In 1924 he built a new facility in the location provided to him by the Park Service and had designed and built a large studio with an auditorium which seated 250 people.  The theater showed both nature movies, which were free to the public, and first run motion pictures, which were much appreciated by locals.  The trip out to a town which showed movies was long.  During the summer season the theater was often filled to capacity and as the number of tourists increased so did the number of ordinary Americans who suddenly saw nature, not through the interpretation of writers and in still photographs but as it was.  Lapse-time movies showed the growth and life cycle of wild flowers and other plants, and the microscopic motion pictures showed the world beyond human eyes, only then available to science in this dynamic, living form.  
The Pillsbury Studio provided full service to the public.  Amateurs wanting to develop their own photographs could use a dark room.  Many young people and eager amateurs found that instruction in the use of their camera was provided cheerfully.  Pillsbury wrote the chapter on how to photograph in Yosemite for the "Handbook of Yosemite National Park,: compiled and edited by Ansel Hall in 1921.  

Tourists who wanted to flesh out their albums with already produced photos could purchase these in the shop.

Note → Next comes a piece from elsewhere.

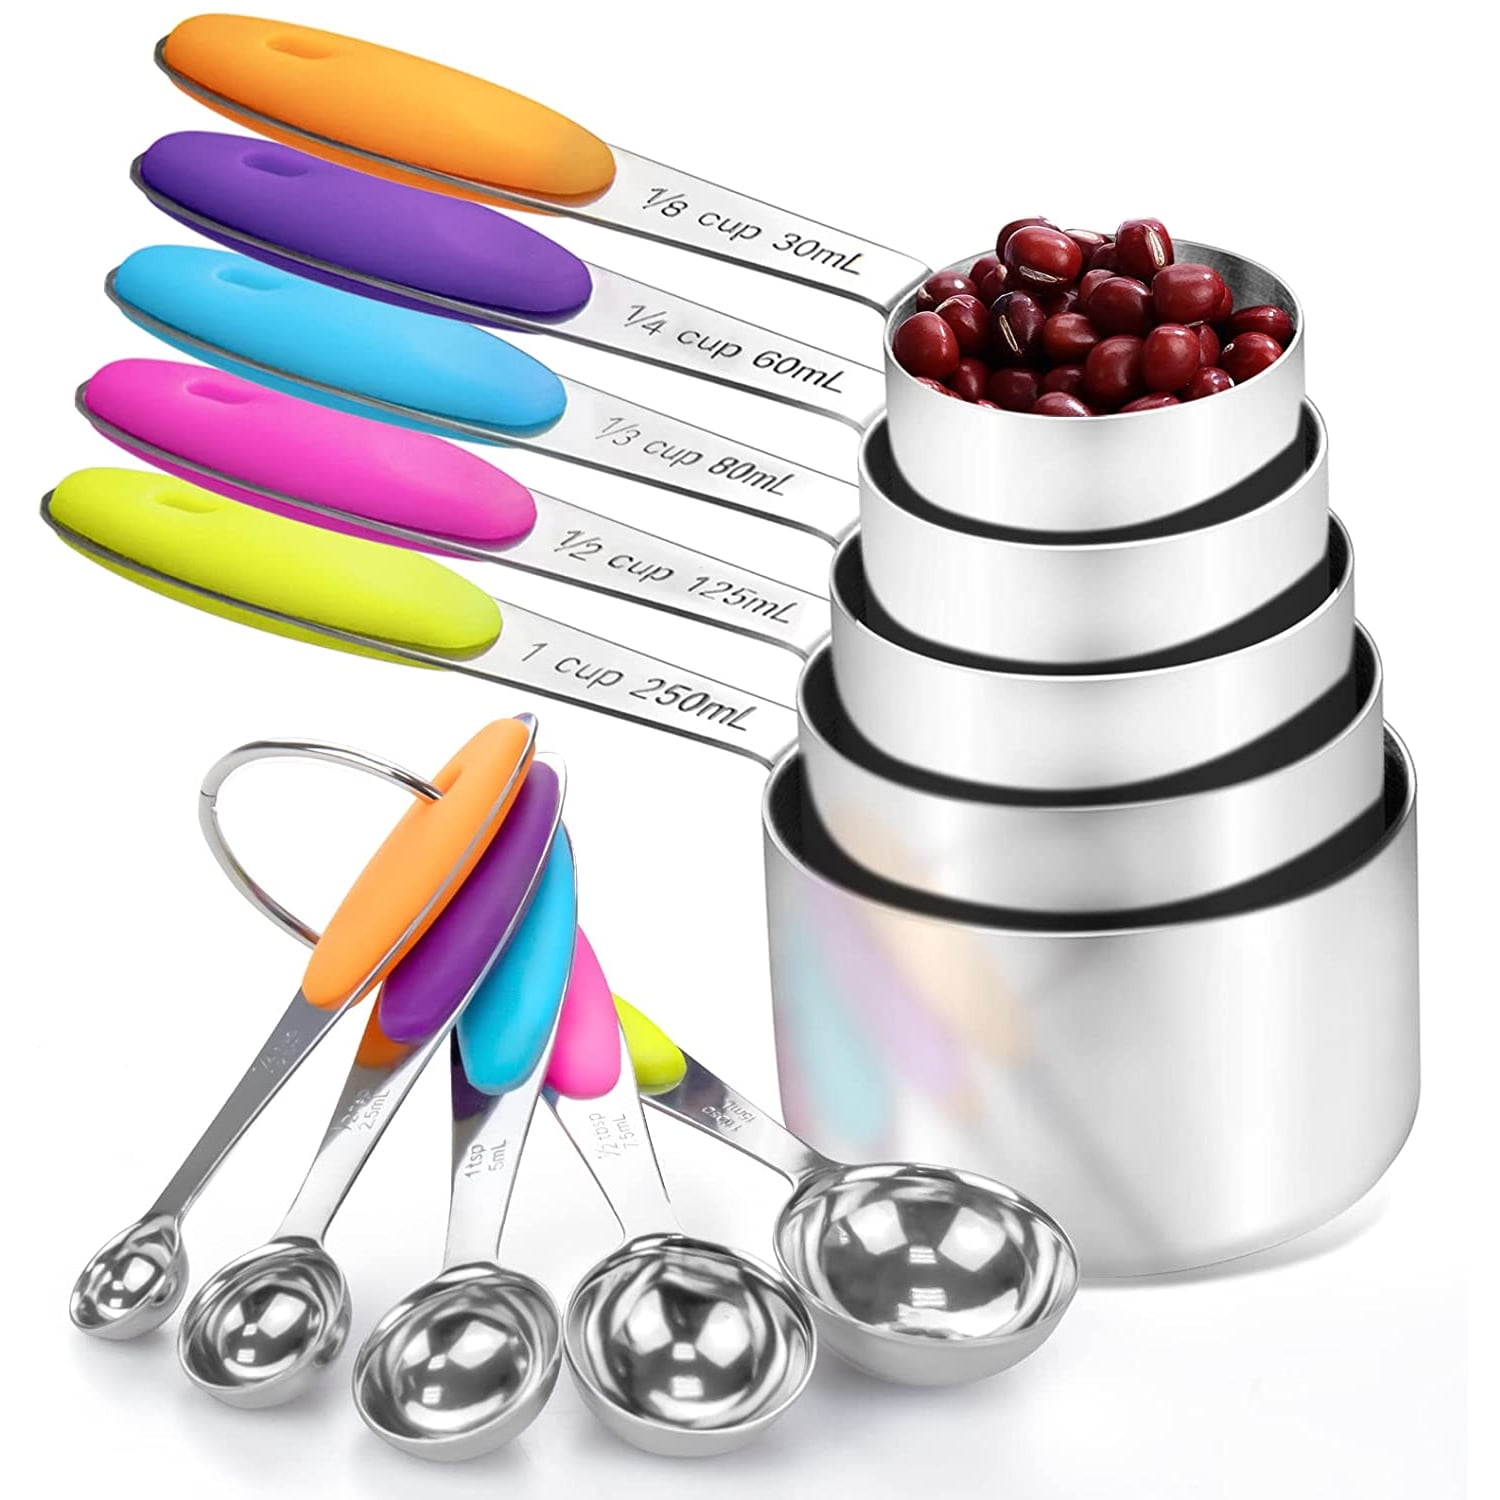 Farberware Professional Stainless Steel Soft Measuring, Set Of 5, Multicolor

The real photo post cards might be the only souvenir less well-heeled visitors could afford, an these found their way into scrap books around the country as well.  Post cards could be made out and mailed at the shop before or after watching the free nightly showings of nature movies, which were the same as those being seen at the most prestigious forums and podiums around the country.  Below is the interior of the Pillsbury Studio as it was at the time of the fire in November of 1927.  
Pillsbury's volume allowed him to provide excellent prices, service, and, combined with the unique abilities of its founder,  effectively become the first nature center in the world.
At the time of the fire Pillsbury was negotiating with the other photographic concessionaires to allow them to sell their photos through his studio as part of a consolidation which would allow them to become share holders in a new company. 

Through the steps at each side of the fireplace tourists entered the theatre, which stood in back of Studio. In this room Pillsbury also continued to conduct the photographic workshops so many, for instance Ansel Adams, Harry Pidgeon, and Earl Brooks, had attended at the far more constricted space in Old Village.